MLA for Cumberland East
- In office October 13, 1970 – May 25, 1993
- Preceded by: James A. Langille
- Succeeded by: riding dissolved

Personal details
- Born: June 29, 1926 Upper Nappan, Nova Scotia, Canada
- Died: October 4, 2021 (aged 95) Amherst, Nova Scotia, Canada
- Party: Progressive Conservative
- Spouse: Clara Hawthorne (d. 2013)

= Roger Stuart Bacon =

Canadian politician (1926–2021)

Roger Stuart Bacon (June 29, 1926 – October 4, 2021) was a Canadian politician who served as the 21st premier of Nova Scotia from 1990 to 1991.

==Political career==
He was first elected to the Nova Scotia House of Assembly in 1970 as a Progressive Conservative. When his party won the 1978 election, Bacon was Minister of Tourism before becoming Minister of Agriculture in the cabinet of Premier John Buchanan from 1979 to 1988.

Bacon then became Deputy Premier and Minister of Housing until 1990, when he succeeded Buchanan (who had been appointed to the Canadian Senate) to become interim leader of the party and premier of the province for six months until the party chose Donald W. Cameron as its new leader.
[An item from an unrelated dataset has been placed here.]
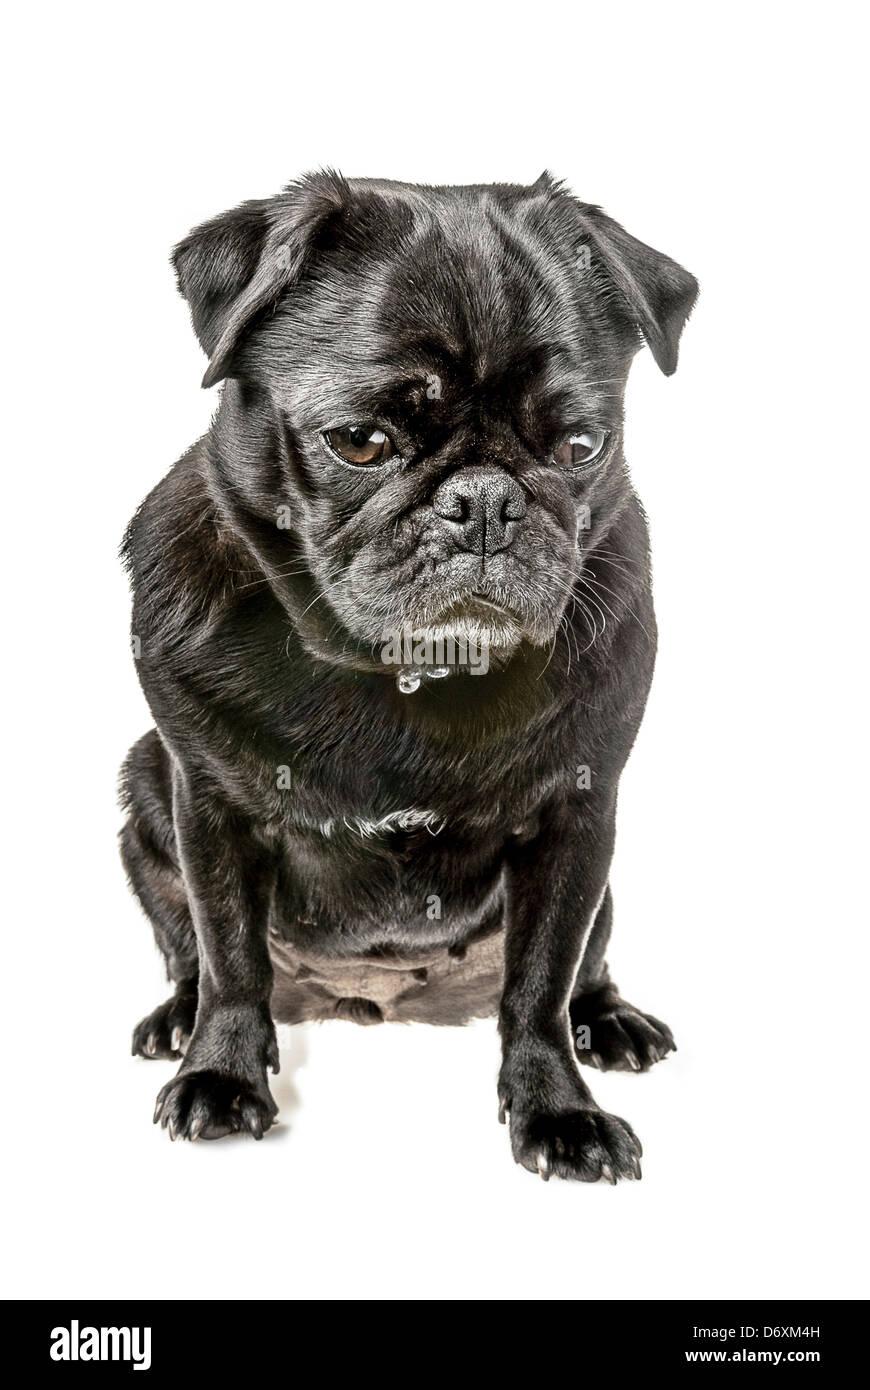 Black pug, sitting with a sad look - Stock Image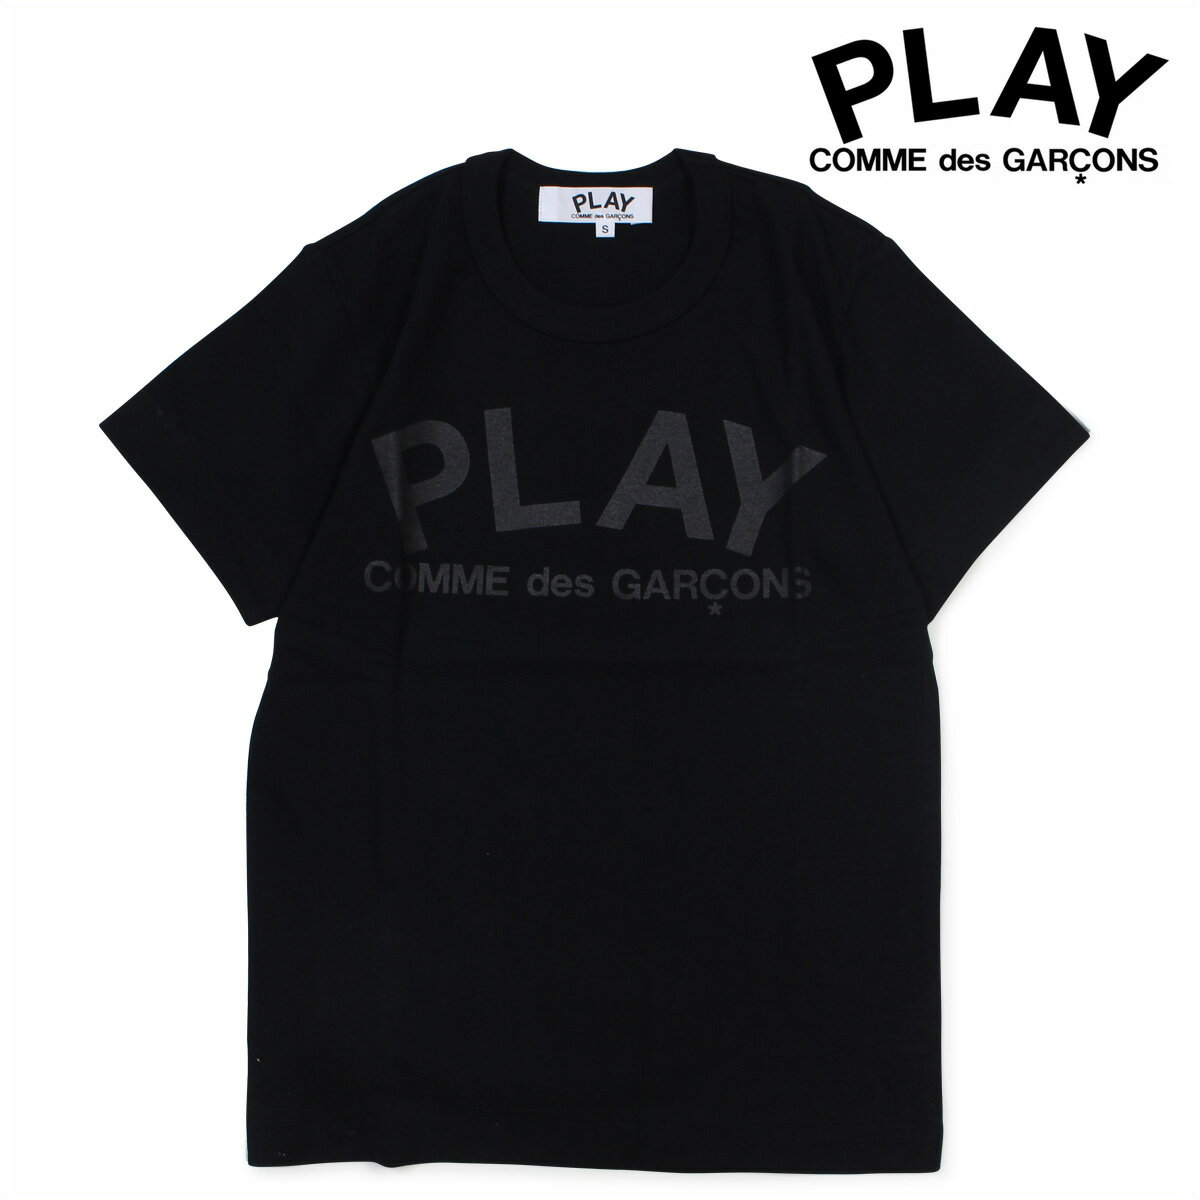 COMME des GARCONS PLAY PLAY T-SHIRT Tシャツ 半袖 コムデギャルソン レディース AZ-T187 ブラック

He did not run for re-election in 1993.

A book discussing the life and career of Bacon, titled Me and My Team: From Farmer to Premier, was written by the retired lawyer Morris Haugg and published in 2019.

==Personal life==
Born in Upper Nappan, Nova Scotia in June 1926, Bacon was a dairy farmer and pioneer of the blueberry industry. Bacon died on October 4, 2021, at the age of 95.